TASK:
Omit all pictures. Quote the lines from the one with "Yankees retired numbers" through the end of the listing below, exactly as they appear.

PROVIDED DATA:
########################################

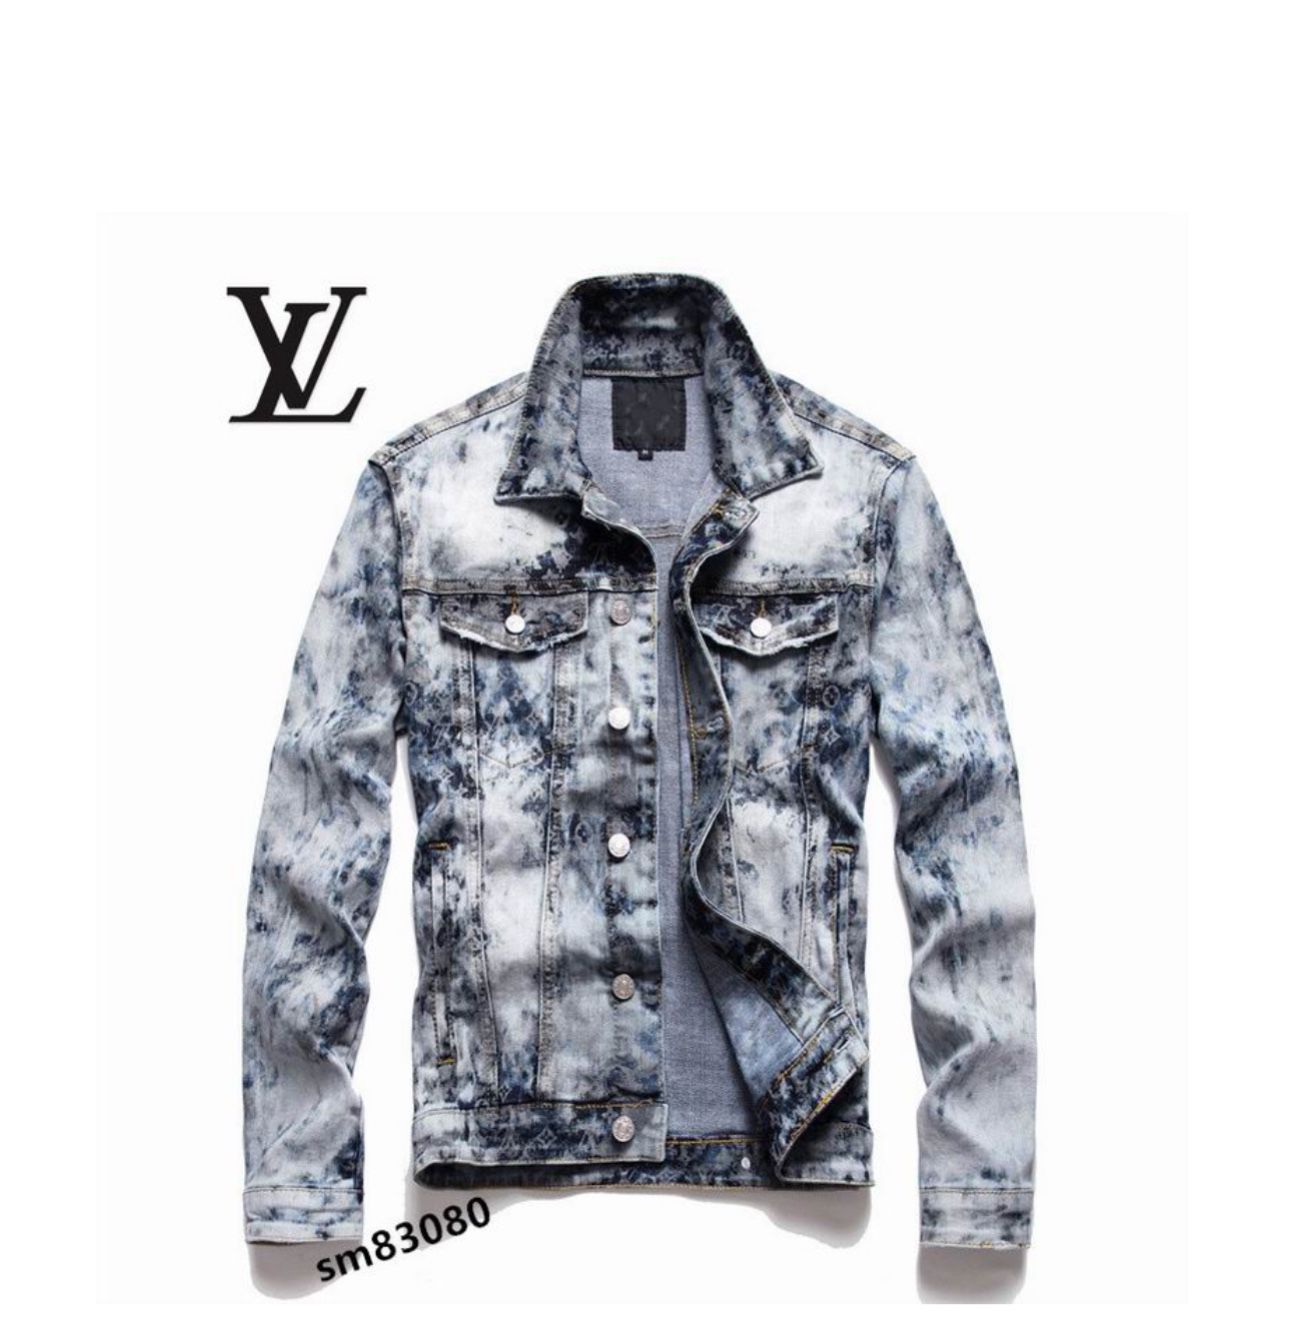 LV Jean Jacket Logo Embroided 1:1 Size m And L
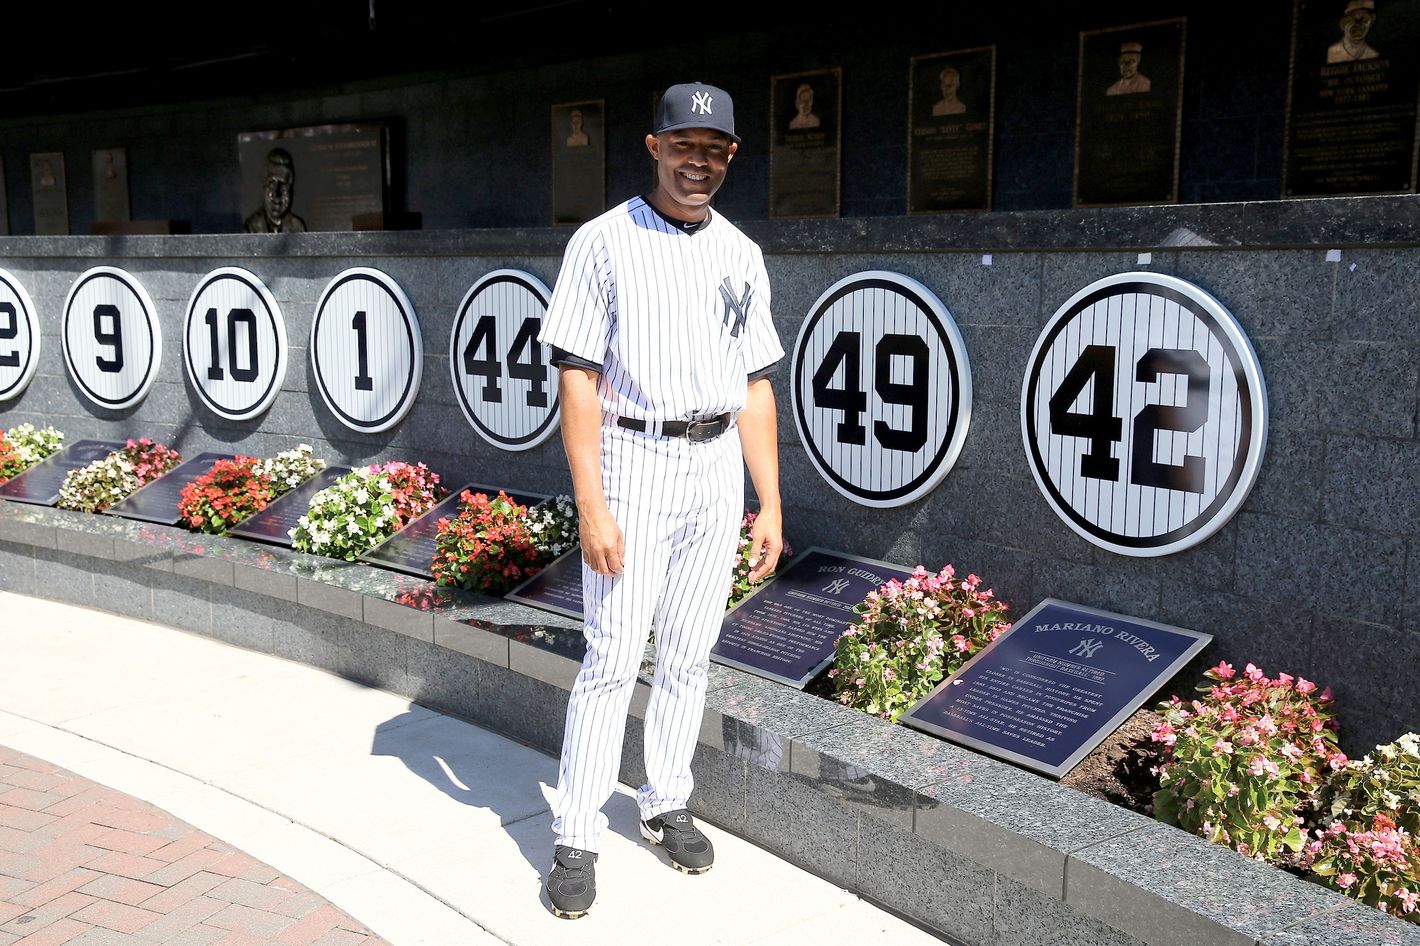 Yankees retired numbers and the baseball legends who wore them
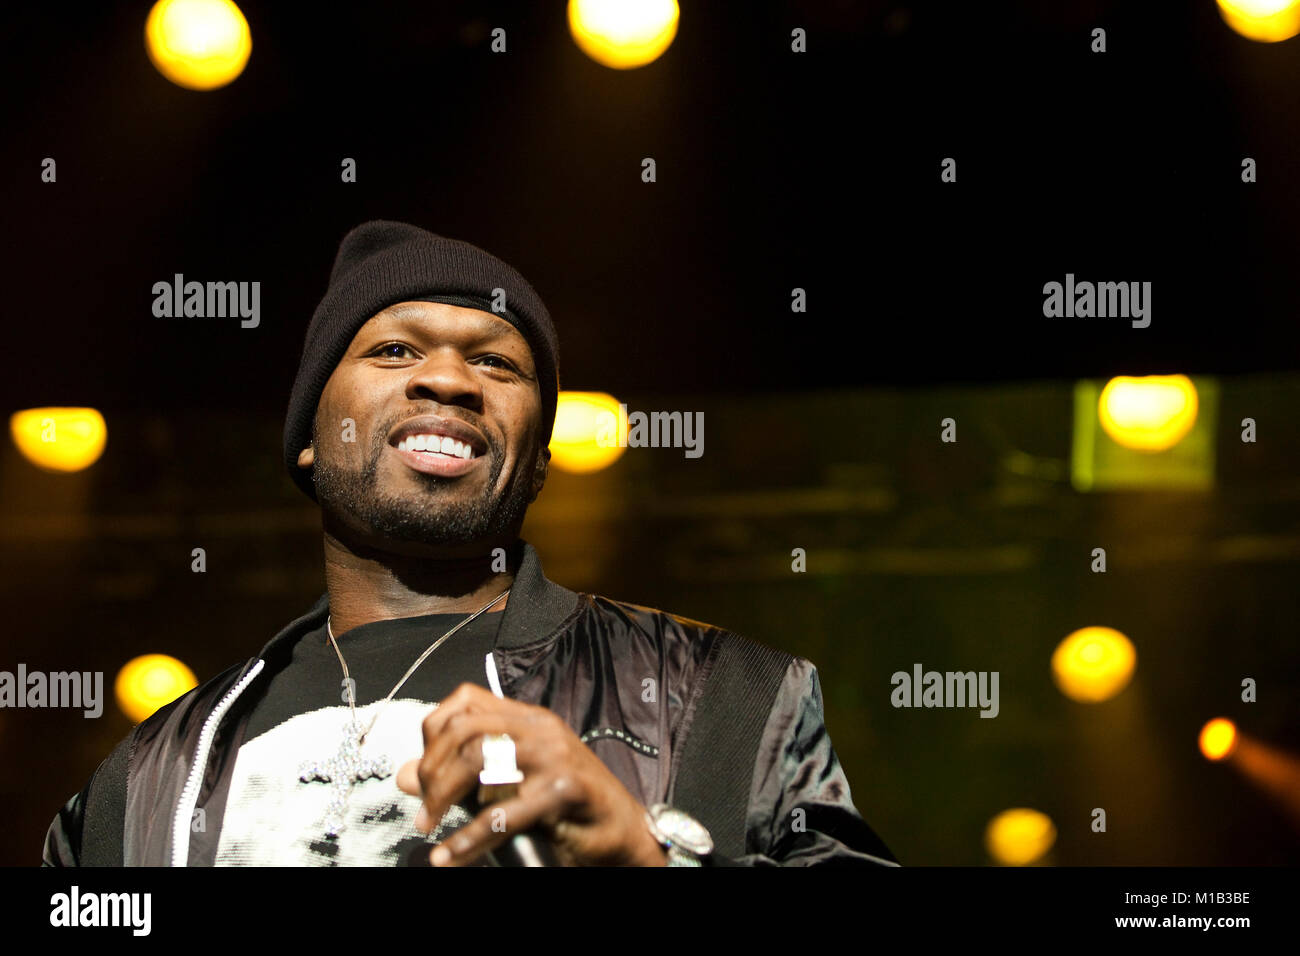 The American rapper, actor and entrepreneur 50 Cent performs a live concert at UKEN 2010 in Bergen. Norway, 11/03 2010. Stock Photo
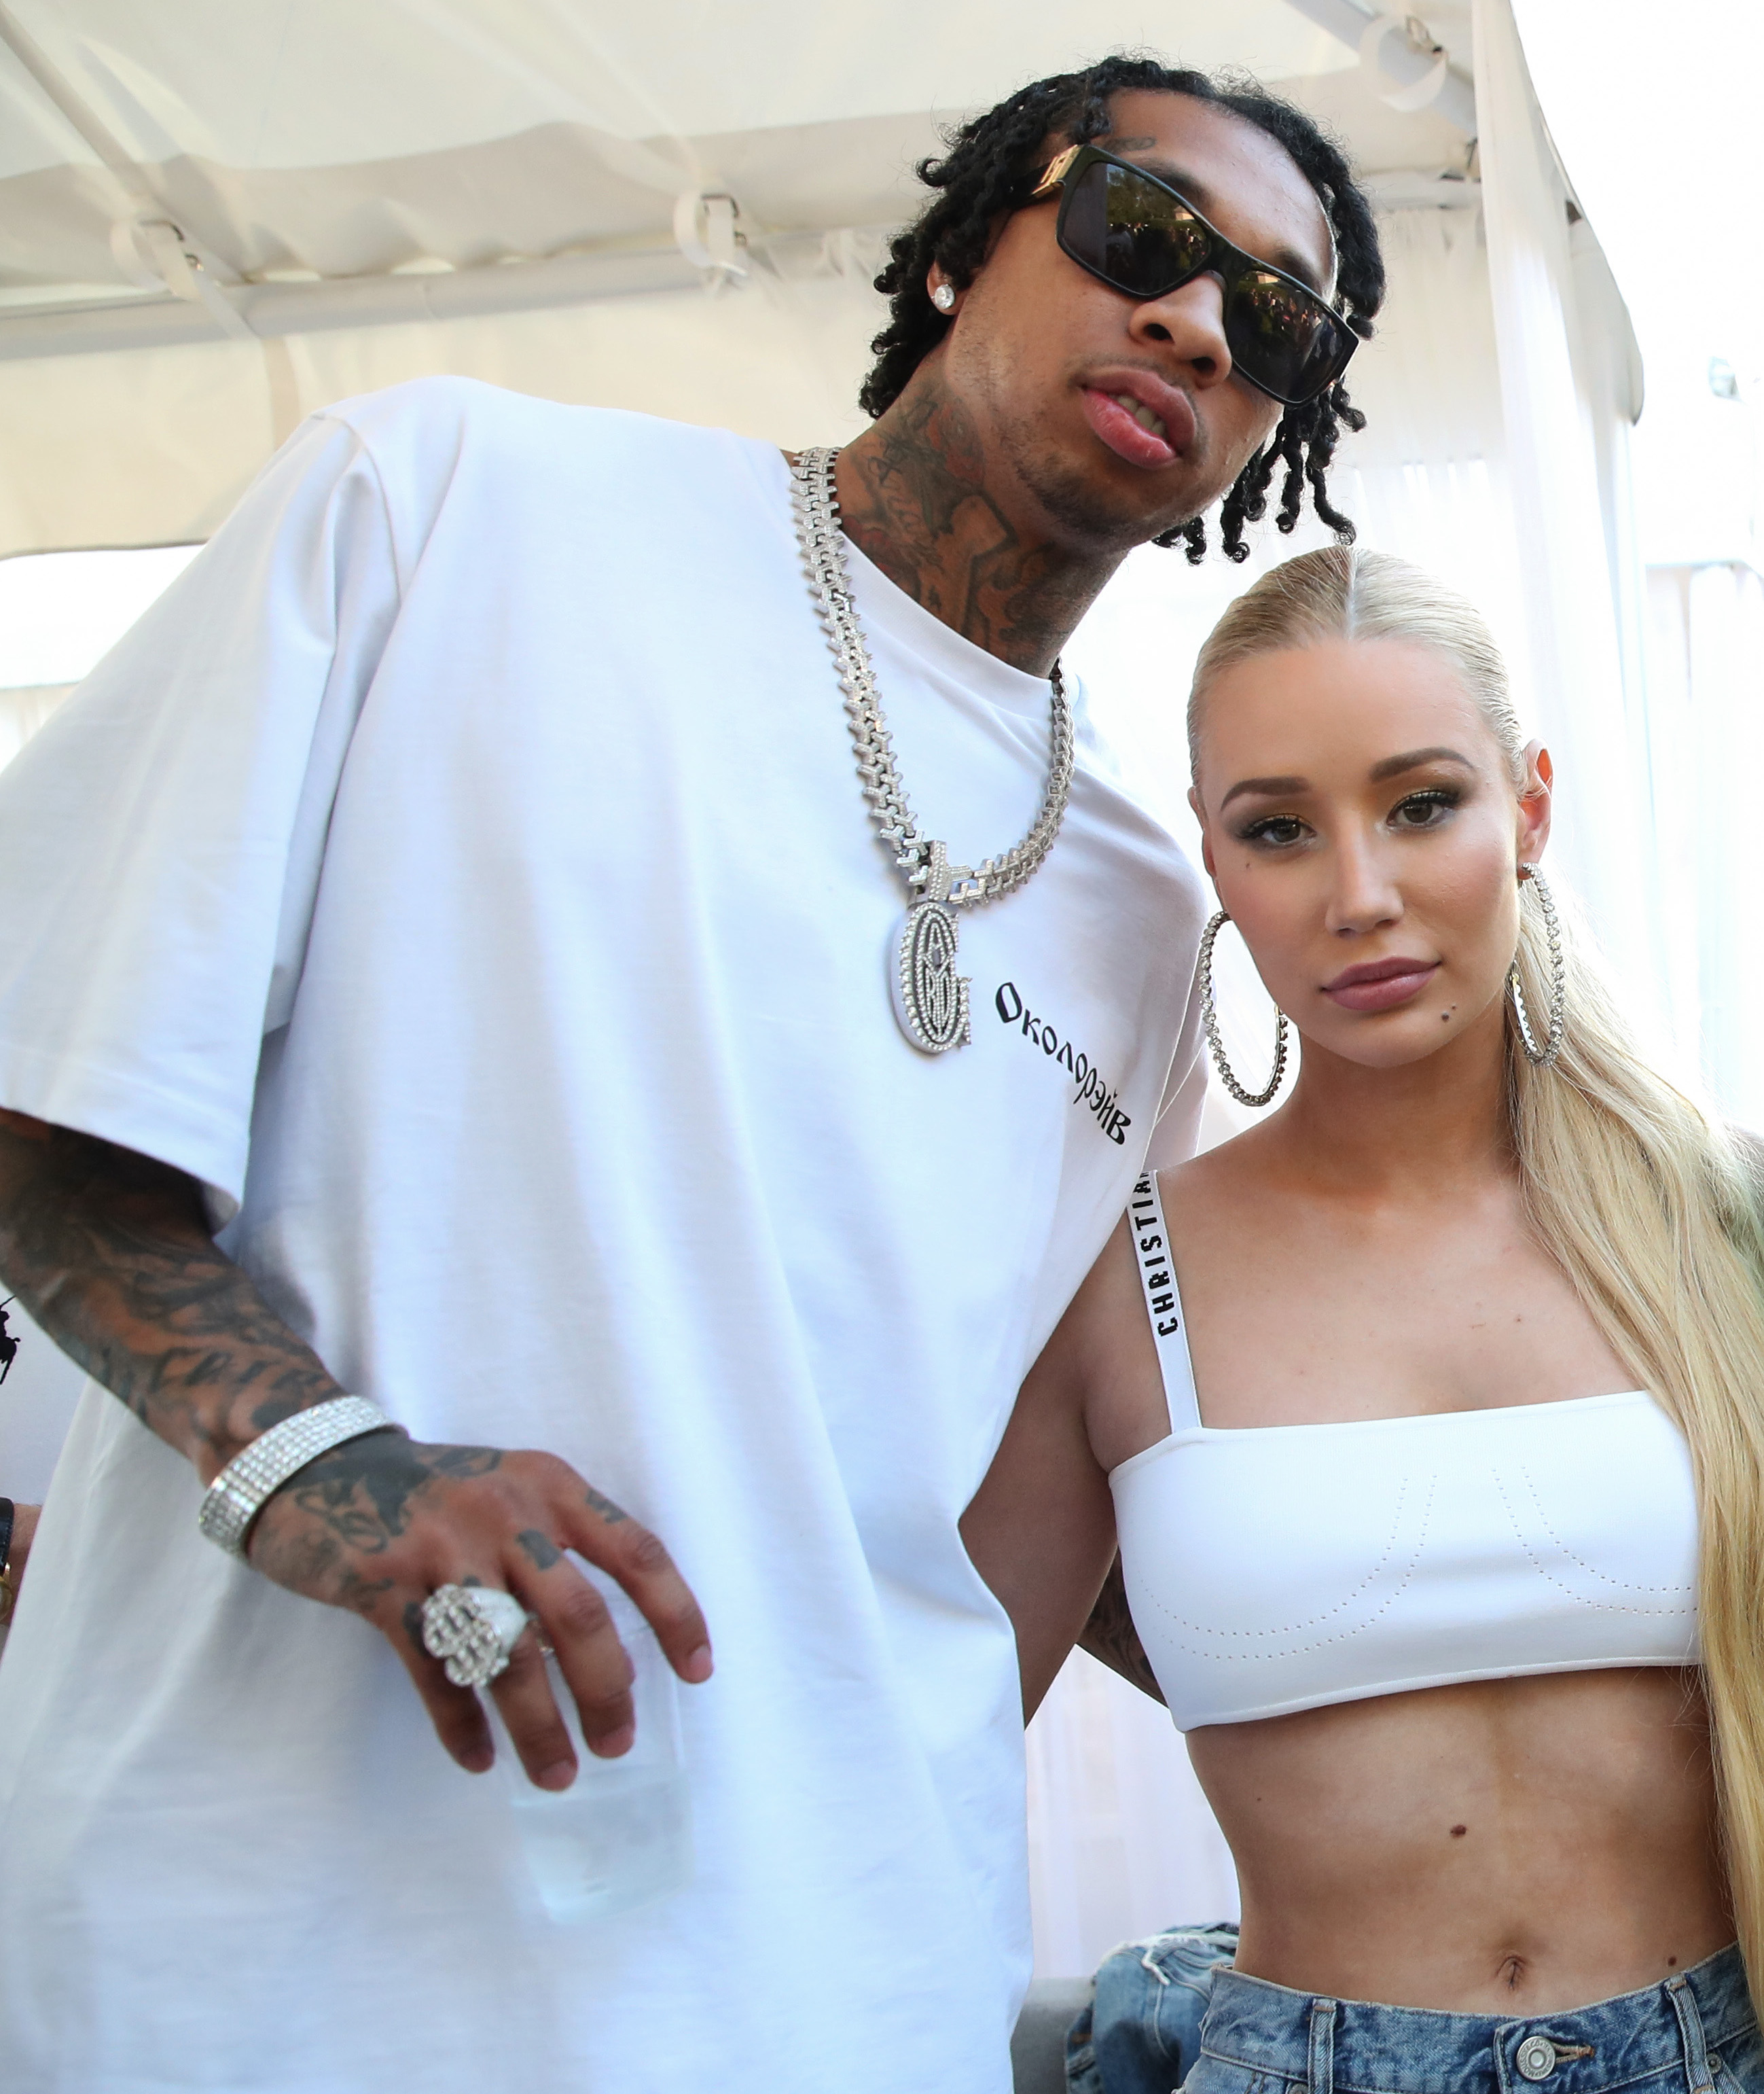 Iggy Azalea's Dating History See All Her Boyfriends and Exes

########################################

REPLY:
 Yankees retired numbers and the baseball legends who wore them
 The American rapper, actor and entrepreneur 50 Cent performs a live concert at UKEN 2010 in Bergen. Norway, 11/03 2010. Stock Photo
 Iggy Azalea's Dating History See All Her Boyfriends and Exes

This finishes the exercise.